I nodded again. “In all likelihood. Devilliers too, perhaps. Then Ian’s secret would’ve been safe forever.”

“And Jane? How did she happen to be there?”

I told him about Jane and me. I wanted no secrets between us. Not anymore.

“Well,” he said, not quite knowing what to say. “I’m shocked and appalled, in case Fee asks. Just between you and me, having seen her, I don’t think I could’ve resisted her either. Is this going to be a permanent arrangement, then?”
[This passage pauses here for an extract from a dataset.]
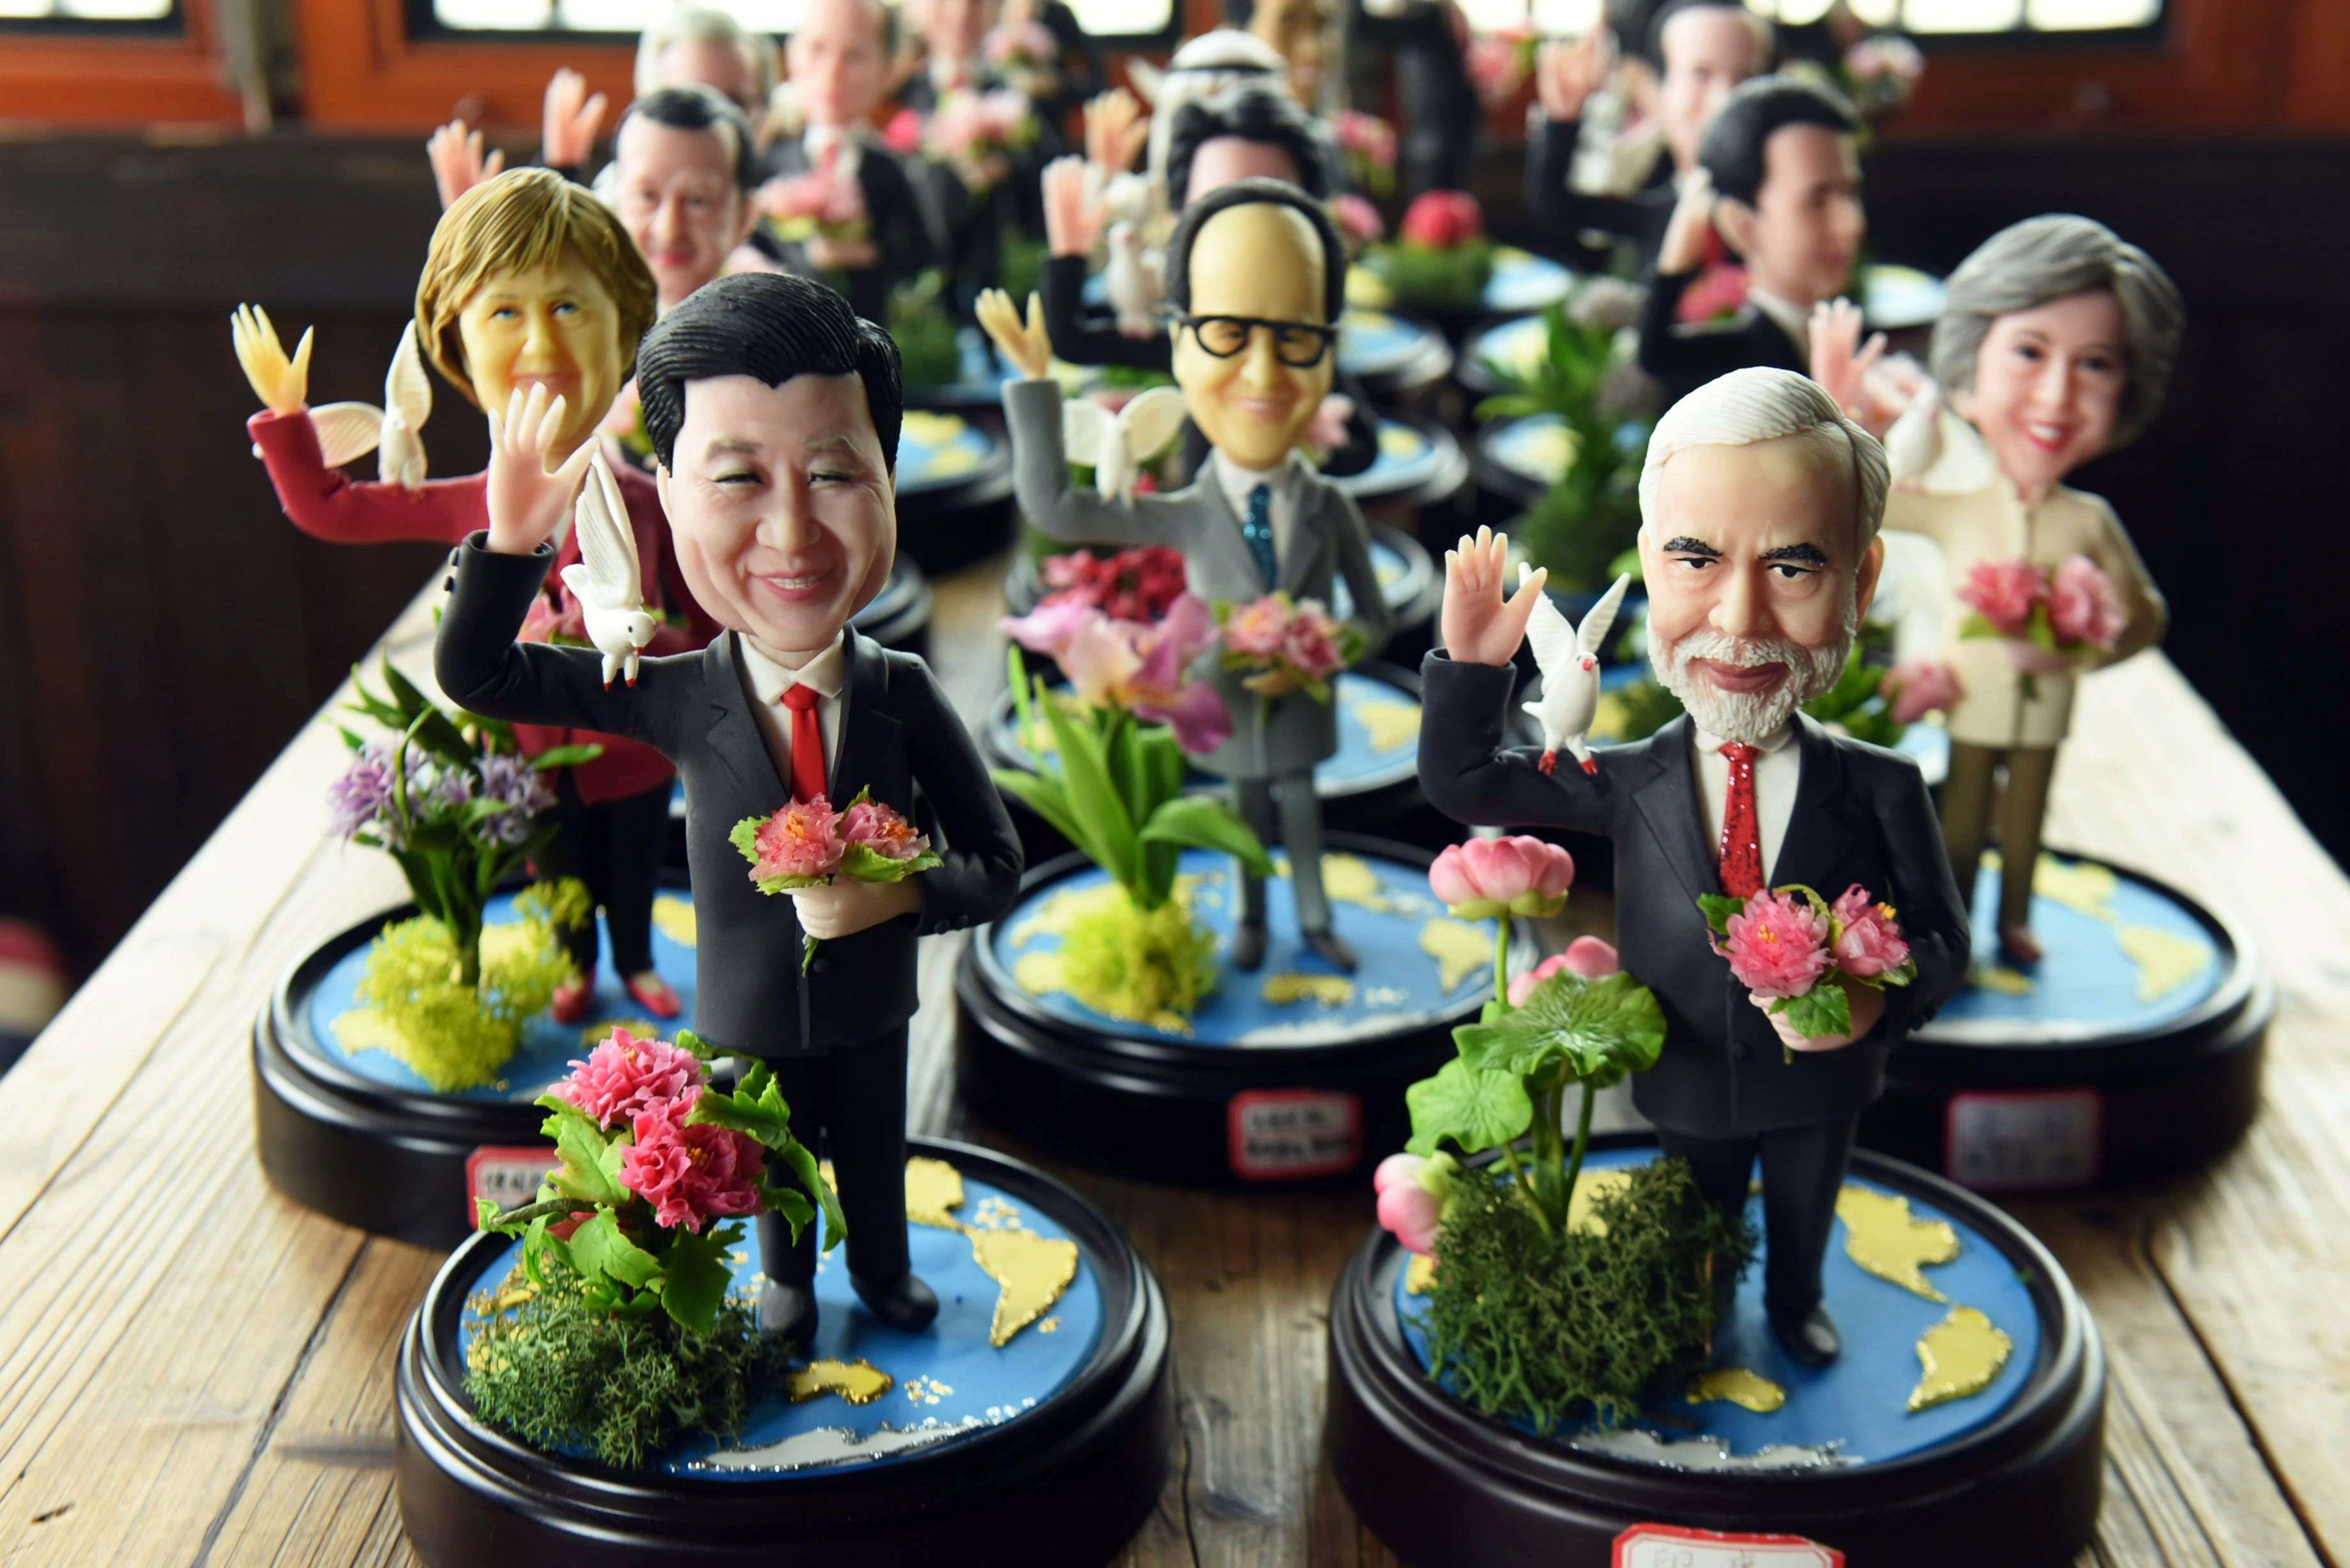 President Xi Jinping heads a line-up of dough figurines of G20 leaders made by folk artist Wu Xiaoli to mark the bloc’s first summit in China that begins on September 4 in Hangzhou. China’s internet doctrine puts it at odds with many of its G20 counterparts. Photo: AFP

“I hope so,” I replied. “I’d like it to be, but it’s up to her. I’m meeting her in half an hour – guess I’ll find out then. And now...” I went to the bedside phone, punched in a number, and held the receiver to Brian’s ear, “there’s someone you need to talk to more than me.”

“Hullo, gorgeous,” Brian croaked. “Send the kids to your sisters and peel off your knickers – I’m coming home!” I pretended not to notice the tears running in rivers into his beard.

 

 

III

 

Jane had asked me to meet her in the bar at the Park Hotel – the very place our affair had begun so many years ago. I hadn’t seen her since that terrible night in my flat, though we had spoken often and affectionately on the phone. She was sipping a gimlet when I arrived; she rose and kissed me softly. “Hullo, Dex,” she smiled. “I like to come here sometimes, you see. To think about that thrilling night 15 years ago, when we first...” she trailed off.

I felt an awkwardness between us, a constraint that hadn’t been there two nights ago. Then, talking to her had seemed the easiest and most natural thing in the world. Now I sensed wariness in her, saw something in her warm brown eyes that gave me pause. “How’s Bernie?” I asked at length.